Certainly, he was and he went on to explain that given the legendary rot Buhari inherited from the previous administration of GEJ, he deserved  eternity to make meaningful impact. He went on to state that GEJ had six years within which period he made things worse. And that now the EFCC is working with renewed vigor, which, according to him, is a testament to Mr. Buhari’s determination to bring the looters of our commonwealth to justice.

I reminded him, however, that Nigeria’s problems did not start in 2010 and that it was wrong to blame Jonathan for all the problems of the country. He insisted nonetheless that even GEJ made things worse. Then I asked him to mention the specific sectors that he actually worsened. He thought hard but could not find answers. Yet, I reminded him that Buhari’s anti-corruption war started with the exoneration of former Bayelsa governor, Timipre Sylva from all corruption charges. He has had enough; he told me he had things to do as a matter of urgency and left.

There is a popular saying that you cannot do the same thing over and expect a different result. Jonathan, we could all agree, failed because of his approach to problems, most damning of which is his “allowing corruption to fester.” And it was only expected that since he failed, those who took over from him would adopt a different approach. But have they?

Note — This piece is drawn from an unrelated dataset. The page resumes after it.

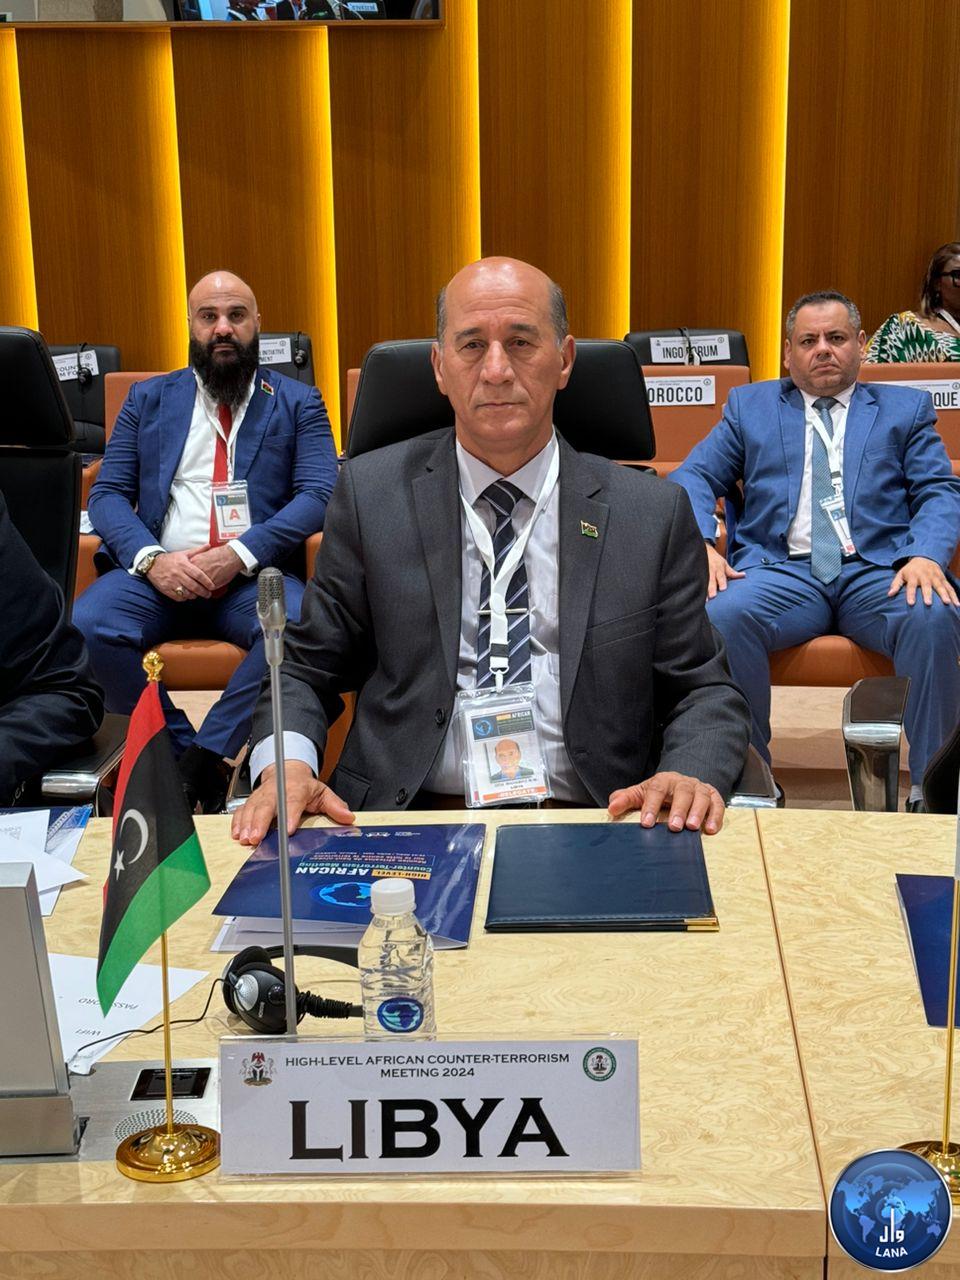 الوفد الليبي في اجتماع أبوجا لمكافحة الارهاب في أفريقيا : ليبيا نجحت في القضاء علي الجماعات الإرهابية .

Buhari and the APC had crucified Jonathan for going to seek assistance from ‘small’ neighbouring countries like Chad, Niger and Cameroon in the war against Boko Haram. For them it was an insult for the giant Nigeria to condescend so low as to ask minnows for help in the fight against a “small group of miscreants in the Northeast.” With one single swoop, if Nigeria had a better commander-in-chief, Boko haram would be history.

But Buhari went to the same small neigbours as soon as he took office to further the collaboration of Nigeria and the “small” countries. And since then he has been travelling from country to country consulting widely. One would have to agree, however, that it is necessary to consult as a new president, but too many consultations may suggest a lack of strategy.

Again, for someone that rode to power on a strong anti-corruption platform, the sudden dismissal of all charges against Sylva who is a strong party member as soon as he took office does not bode well for such reputation. There is still hope nonetheless that things will get better. At least, there is no suggestion so far that all the campaign promises will not be fulfilled.

It calls for caution however, that while Buhari had postured as one who was out to reduce drastically the cost of running government, and even 19 ministers were suggested to that effect, he went on to appoint  15 advisers at a go. As if that was not enough, Garba Shehu and Femi Adesina were appointed for practically the same role. As Nigerians await the naming of his cabinet, there is every likelihood that the number of ministers would not be 19. For a fact, the constitution provides that each state must produce a minister.

But even more worrisome for keen observers of this change is the recent report that members of the change enthroned 8th National Assembly would be sharing and smiling home with a whooping N8.64 million which translates to N17.5 million for each of the 360-member House of Representatives and N21.5 million for each of the 109-member senate as welcome package in the face of the country’s dwindling revenue which has led to many states not being able to pay salaries thus causing untold hardship to Nigerians.

Even as millions of the country’s youths remain unemployed and millions of families live below the poverty line. All the House members, besides the Speaker and the deputy will also get N3.97 million each as housing allowance while their counterparts in the upper chamber will get N4.1 million each.

The above is certainly not the kind of change Nigerians voted for. Although President Buhari is not a member of the National Assembly which is an independent arm of government, the arrangement is a dent on the image of the APC as change agents. And the president’s recent claims that he would have preferred to be president at a younger age has led to interpreters being engaged in trying to draw whatever meaning that suits their beliefs from the statement.

Indeed, this might not be the change we expected after all; it could just be a mirage.